We cannot begin with complete doubt. We must begin with all the prejudices which we actually have when we enter upon the study of philosophy. These prejudices are not to be dispelled by a maxim, for they are things which it does not occur to us can be questioned. Hence the initial skepticism will be a mere self-deception, and not real doubt. . . . A person may, it is true, in the course of his studies, find reason to doubt what he began by believing; but in that case he doubts because he has a positive reason for it, and not on account of the Cartesian maxim. Let us not pretend to doubt in philosophy what we do not doubt in our hearts. (in Stuhr 2000, 55)

Peirce distinguishes in this passage between real doubt and philosophical doubt, and argues for a symmetrical treatment of doubt and belief, with the understanding that the entertainment of either must be justified. One must have reasons to doubt, as well as to believe.10

Living and Working Together

These pragmatic antitheses are of importance for a pragmatist approach to ethics. The moral core intuitions of pragmatism revolve around the possibilities for living and working together. While consequentialists take collective happiness to be the moral touchstone and deontologists, the obliging character of moral norms, peaceful cohabitation and fruitful cooperation serve as the moral touchstone for pragmatism.11

This normative perspective sheds a specific light on the central (anti)theses of pragmatism. These can be seen as being directed against certain philosophical assumptions that often become, in practice, obstacles for fruitful cooperation. Because of their preoccupation with general and abstract truths, foundationalism and essentialism are often counterproductive—they distract attention from concrete problems and conflicts tied to particular times and places, which actually call for a measure of flexibility, hermeneutic tact, and context sensitivity.

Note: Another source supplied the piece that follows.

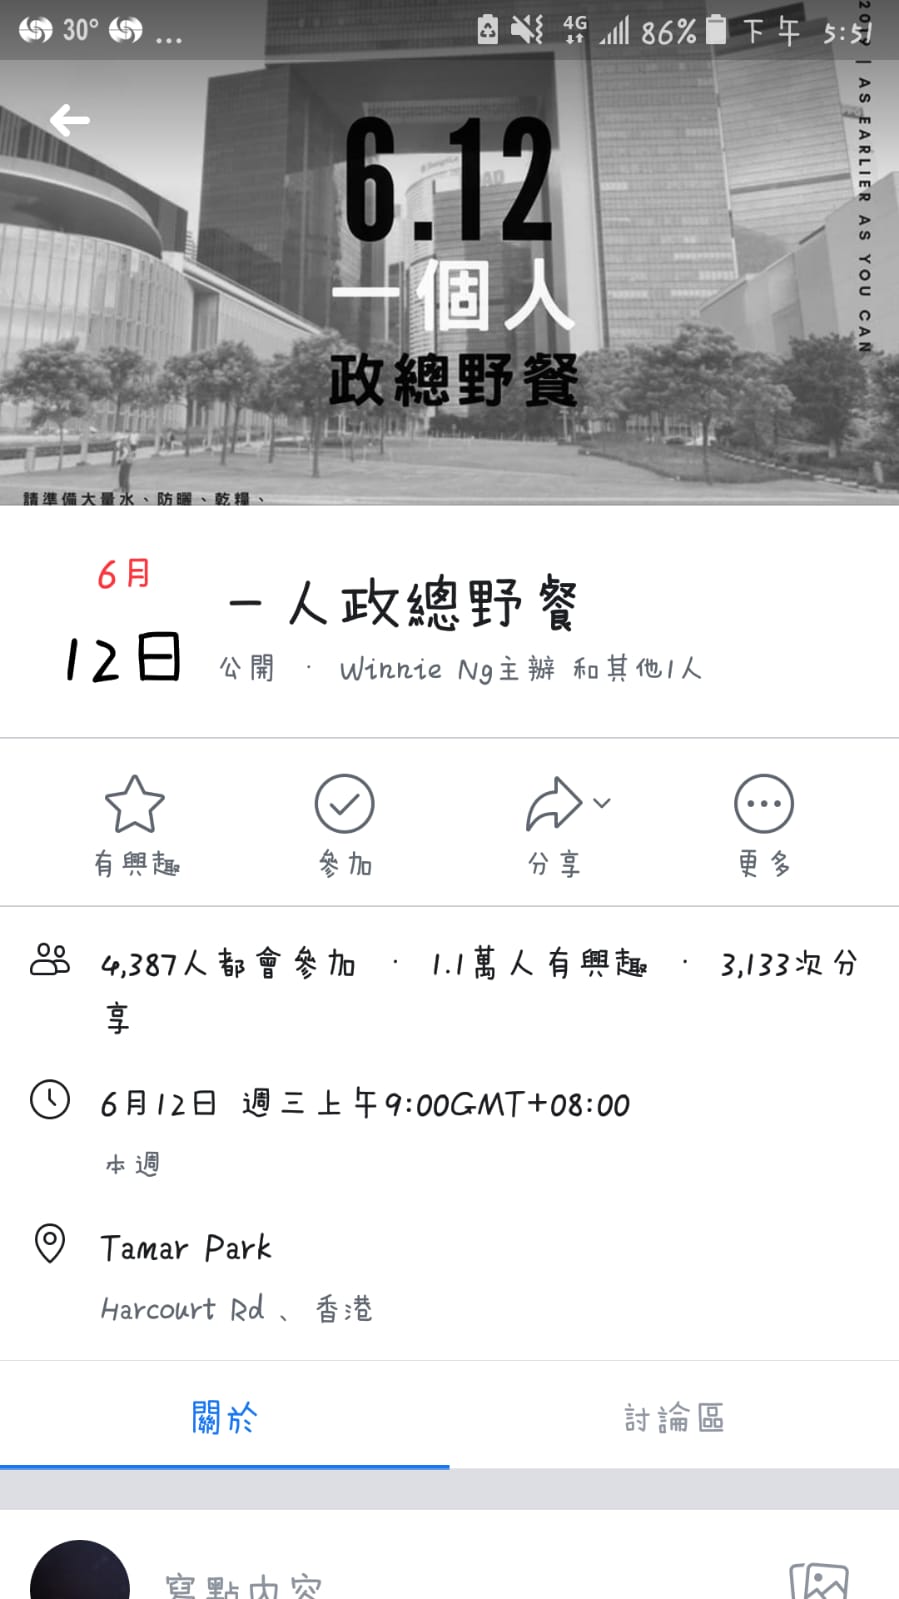 2019年6月12日 反送中罷工罷課 (2).jpg

Dualism is counterproductive because it encourages “black-and-white” thinking, which brings conflicts to a head and leads debates to degenerate into unproductive boundary disputes or to get stuck in childish “does not”–“does too” exchanges. Skepticism, which cultivates philosophical doubt at the expense of real doubt, also forms an obstacle to a creative tackling of problems. Anyone who puts everything up for discussion will simply have no time left for the real problems of the moment.

Two “Progressive Problemshifts”

The moral point of reference of fruitful cooperation and peaceful cohabitation does not only shed light on the pragmatic antitheses and their internal relationship, but it also reinforces two progressive problemshifts that are characteristic for pragmatism. Because of its attention to the settlement of conflicts for the sake of further cooperation, pragmatism has always been interested as much in the process of (moral) inquiry as in its ready-made products (see Caspary 2000, 153). To promote the fairness and quality of the process of inquiry and deliberation, it is essential that all those concerned can have their say and that decisions are made on the basis of a careful consideration of all relevant conflicting moral claims and arguments.

A second shift to which the standard of fruitful cooperation and peaceful cohabitation gives rise is a shift in emphasis from the context of justification to the context of discovery (Caspary 2000, 161). Pragmatists attach as much importance to the justification of moral judgments as they do to heuristics, to the “art of invention.” Pragmatism emphasizes the importance of novel constructs and hypotheses with which emergent problems can be tackled, while in more traditional ethics the entire emphasis still lies upon justification of moral judgments.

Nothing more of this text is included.